People, just be nicer, okay? You don't have to like everything, things can suck, we can have a negative opinion. Fine. But you can be nice about it; tactful. Polite. Good manners are COOL! Especially if you have never stepped up and put yourself out there, have a little compassion. And if you have, good gravy, a little empathy, please. Keep in mind the bigger picture and at the very least, honor the courage of others to share themselves. ("Just, please, be nice to me." is what this whole post is really saying, but I don't think it will really work. FINE.)

Tuesday, January 14, 2014

The Things I've Done Today

Sorry. I'm an apologist. Not like Socrates. I just say, "Sorry." A lot. People sometimes ask me to not apologize.

It's my blog.

Once, Anonymous commented on how boring my blog was, that I am my favorite topic and what a tedious topic it is. (Not in those words, but it always sticks in my head precisely that way.) (And Anonymous is kind of a jerk, because who cares? It's my blog and if you aren't being thoroughly entertained, go elsewhere; there are a bazillion other things on the internet to read, why waste your time making one pathetic person more aware of their inadequacy. Way to make the world a little better, Anonymous.)

So, welcome to tedium.

I woke up, took the kids to school (science fair day, I hope we win), got home, listened to music loudly while showering, played dress-up (which is to say, put a silly dress over my yoga pants and t-shirt, eye make-up galore) (so I can play the part of eccentric writer girl in my mind), and made my husband listen to my story. My silly story. My latest silly story.

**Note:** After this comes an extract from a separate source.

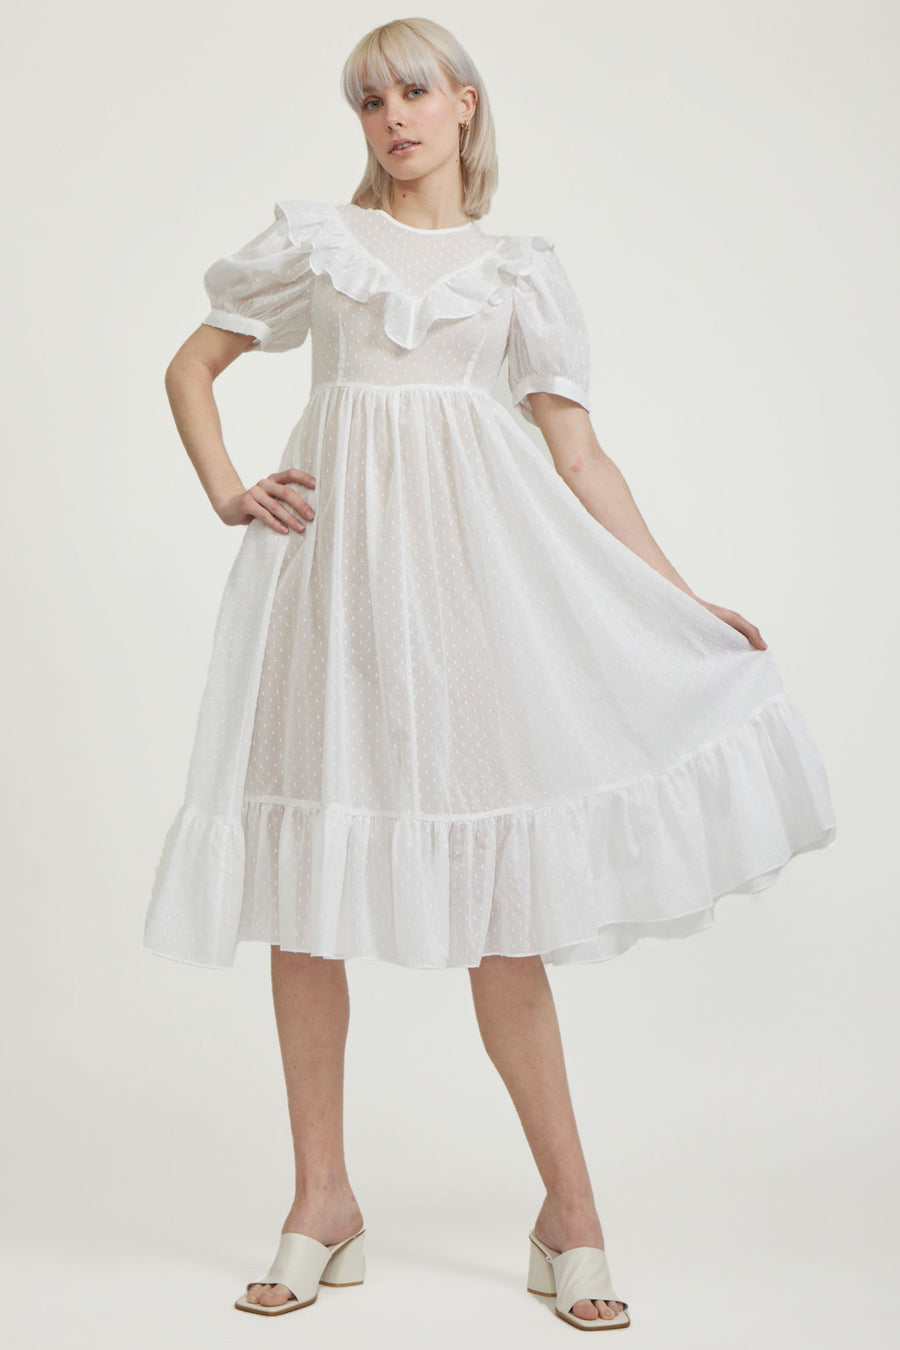 BATSHEVA - May Dress in White Swiss Dot

Then, I decided I needed a sketchbook, because children's books really are works of art. I never believed it, but now I am beginning to. And I'm not much of an artist. alas. It's ok. And I got a sketching kit - an entire collection of magical tools for drawing better; it was just $10 and the magic pencils alone were $5, so I got the whole kit.

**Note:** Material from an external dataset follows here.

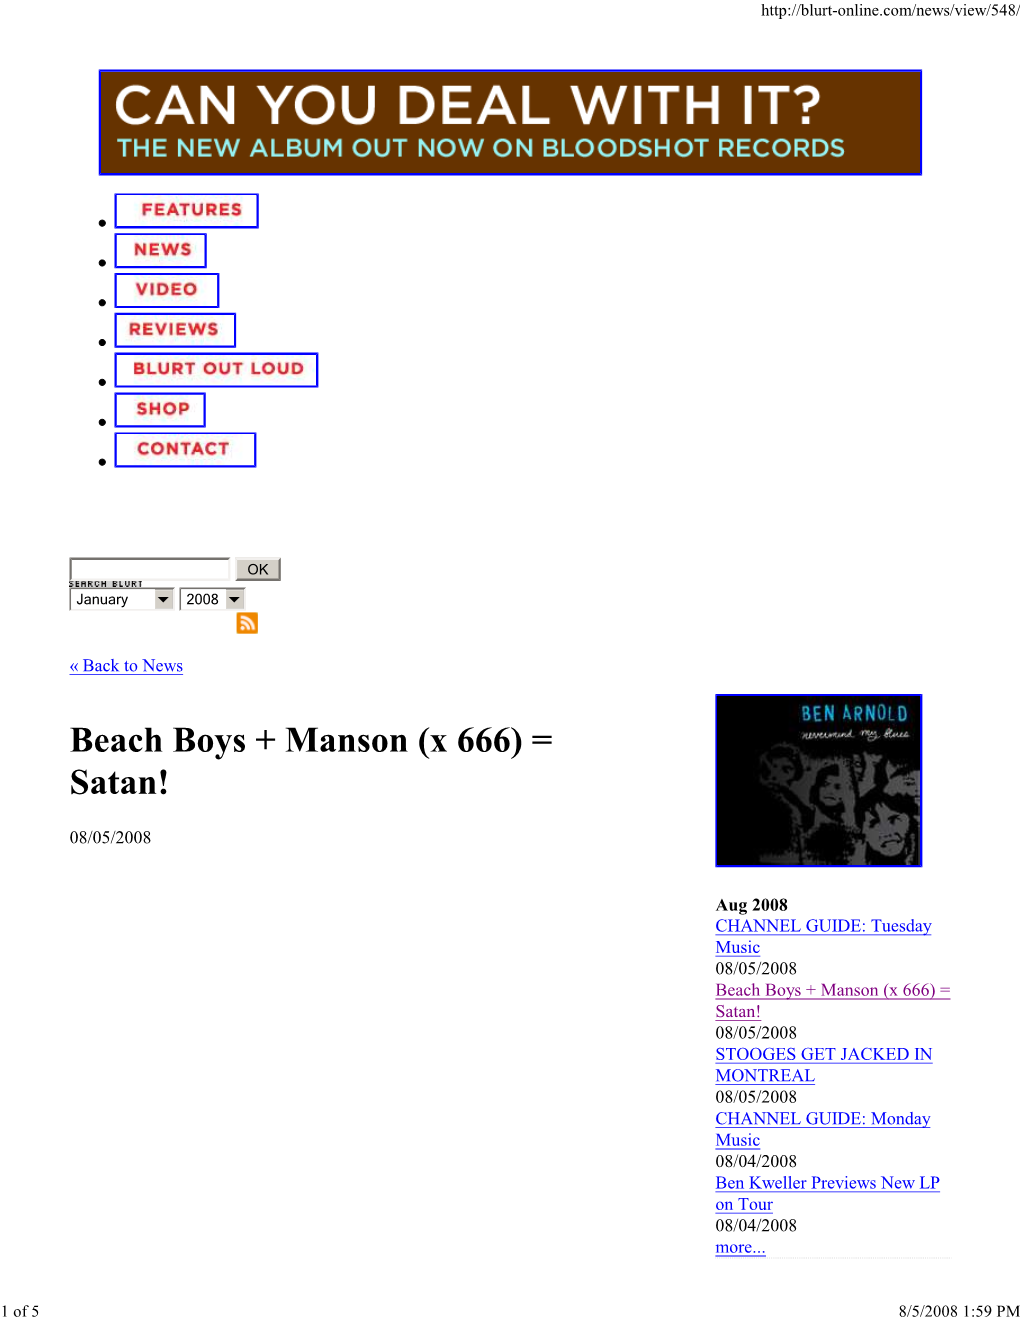 Beach Boys + Manson (X 666) = Satan!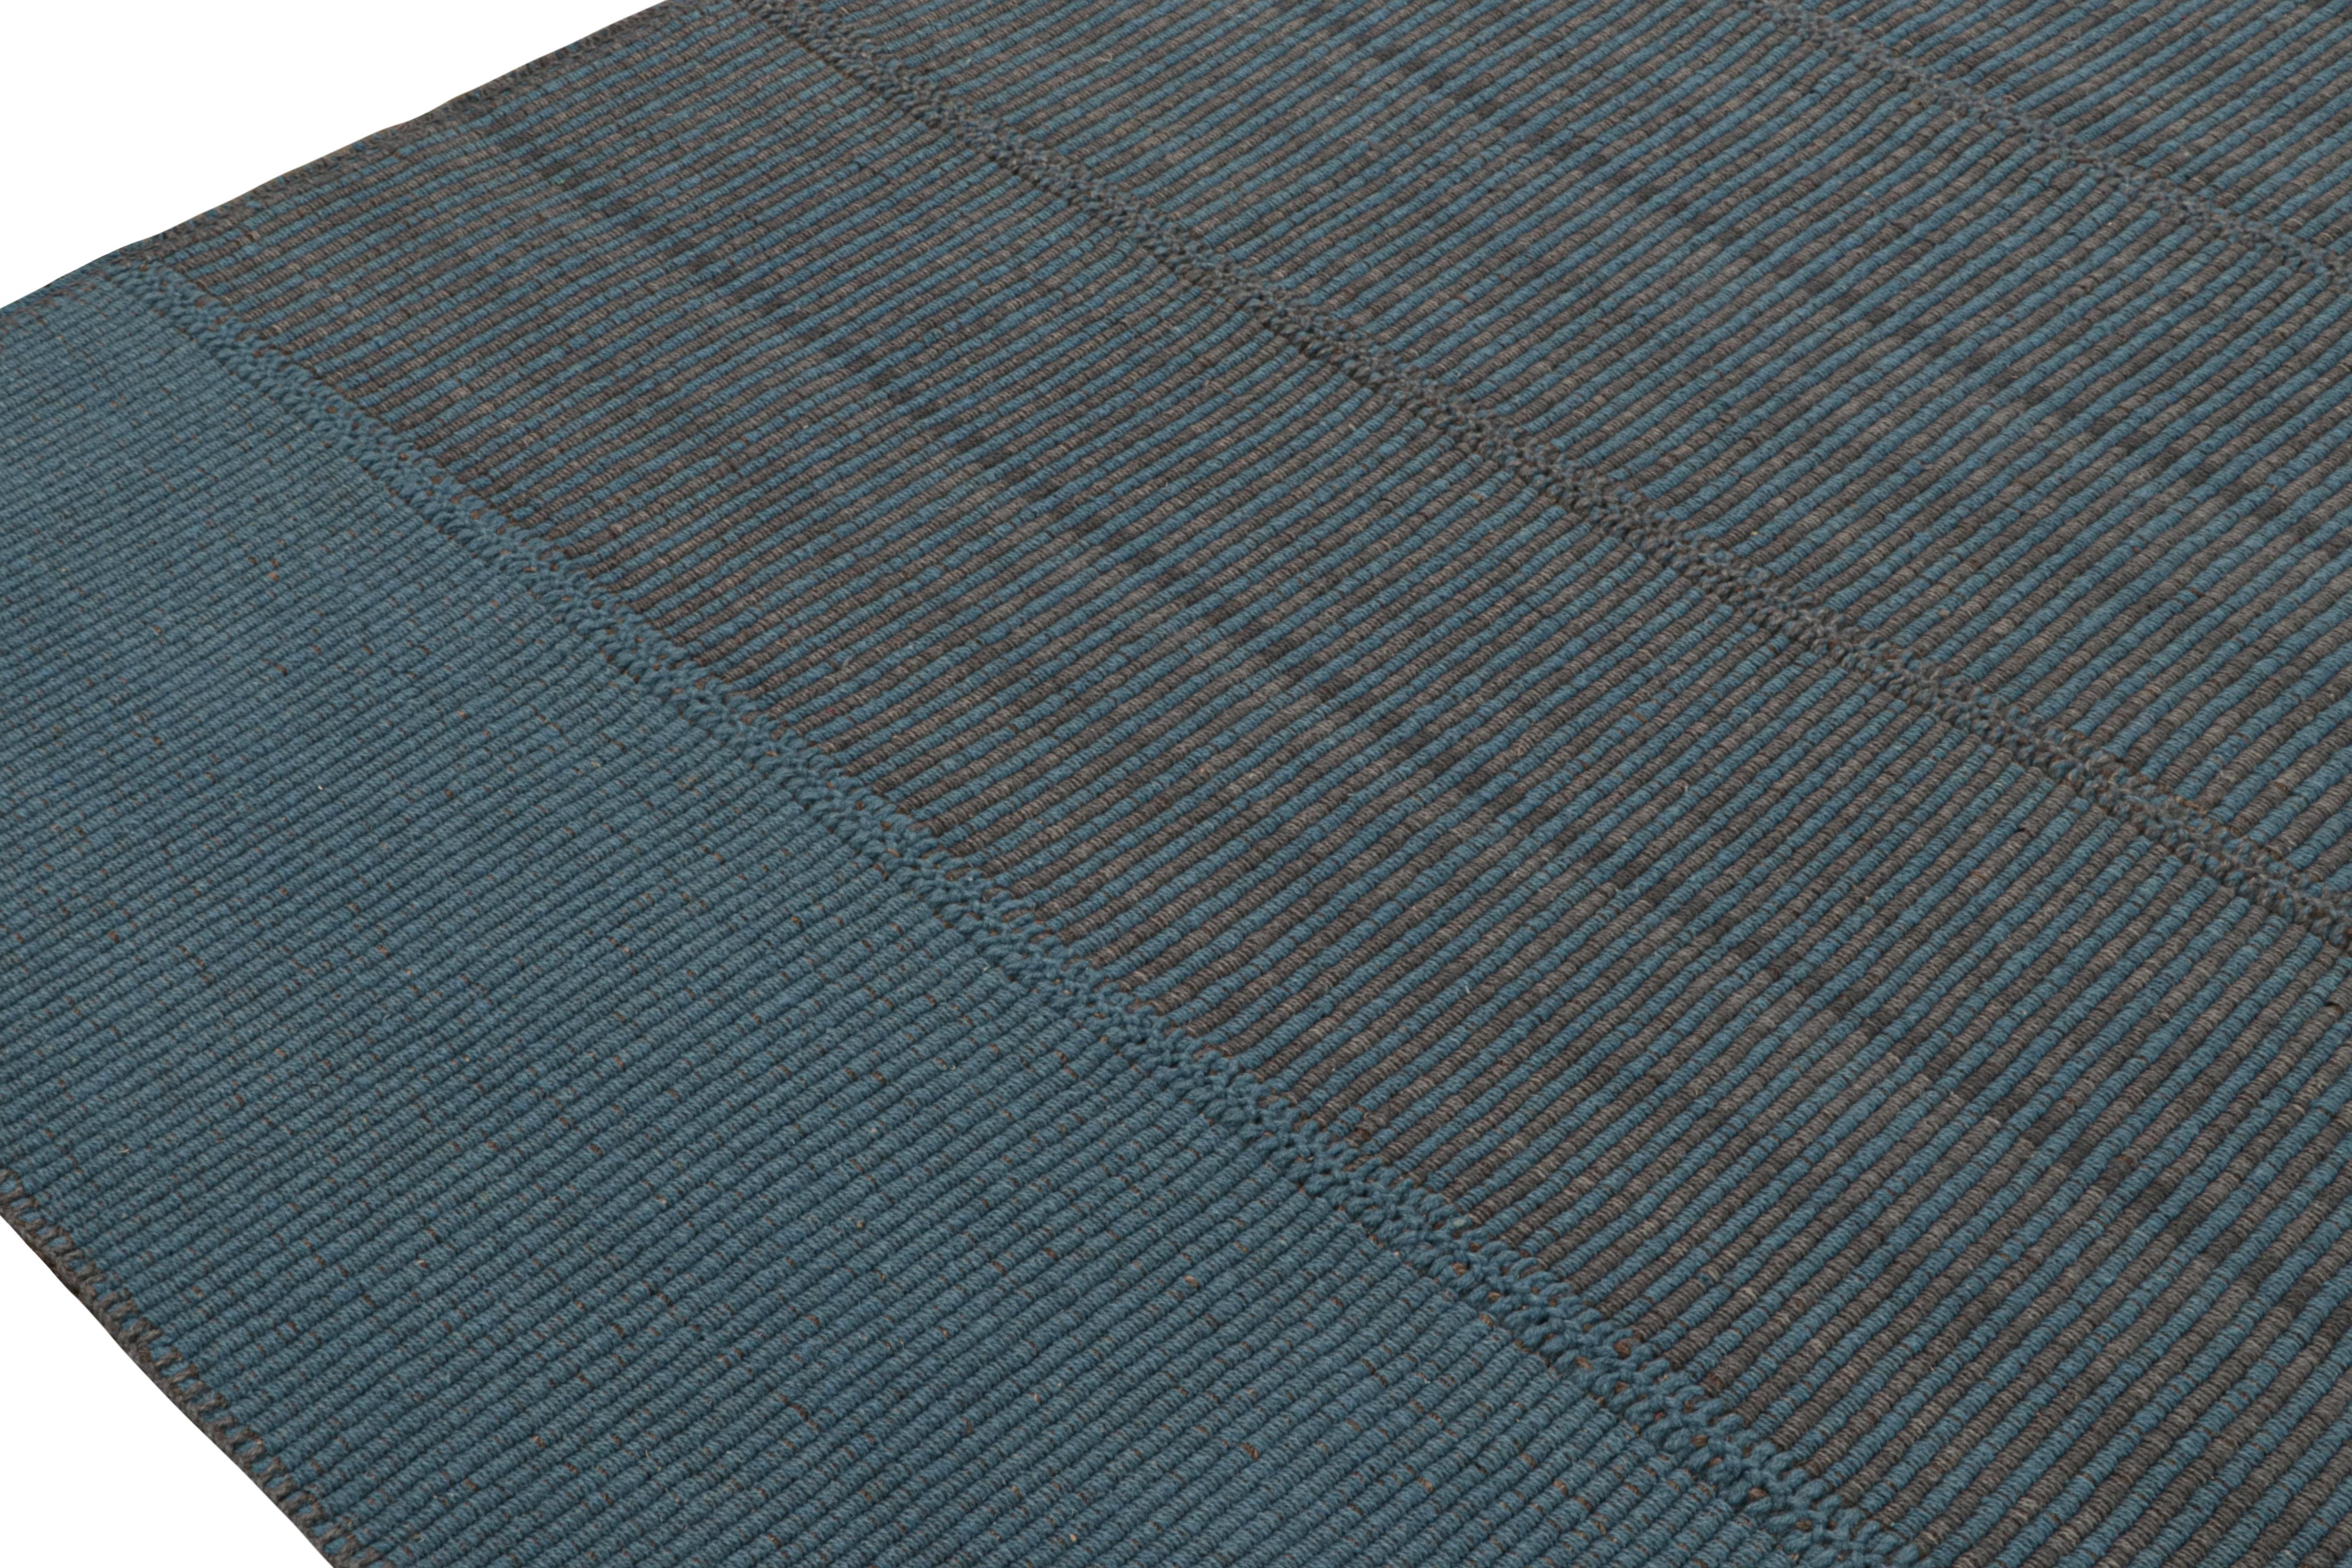 Rug & Kilim's Contemporary Kilim in Blue with Gray Stripes and Brown Accents (Kilim contemporain en bleu avec des rayures grises et des accents bruns) Neuf - En vente à Long Island City, NY

Now, I'm writing. And this is my current favorite song:



Friday, January 10, 2014

Adult Acne - My Story and (Hopefully) Cure

Every picture I've posted of myself online is a lie. Either it turned out decent by some fluke of technology, or I photoshopped it a little. Or a lot. For example:






These pictures ... I like how they look, but I don't feel they represent reality, especially not the reality in my head (which may or may not be reality at all). I had my share of adolescent acne, not the super severe kind, just the normal stuff that keeps teenagers humble. In my 20's, and especially after having kids, my face got worse.

I'm not talking about adorable, little pustules; I got huge, underground, painfully obvious, Monster Zits that never really developed a proper head which can be conveniently popped. I would dig at them, begging them to release their toxic waste, and just be healed.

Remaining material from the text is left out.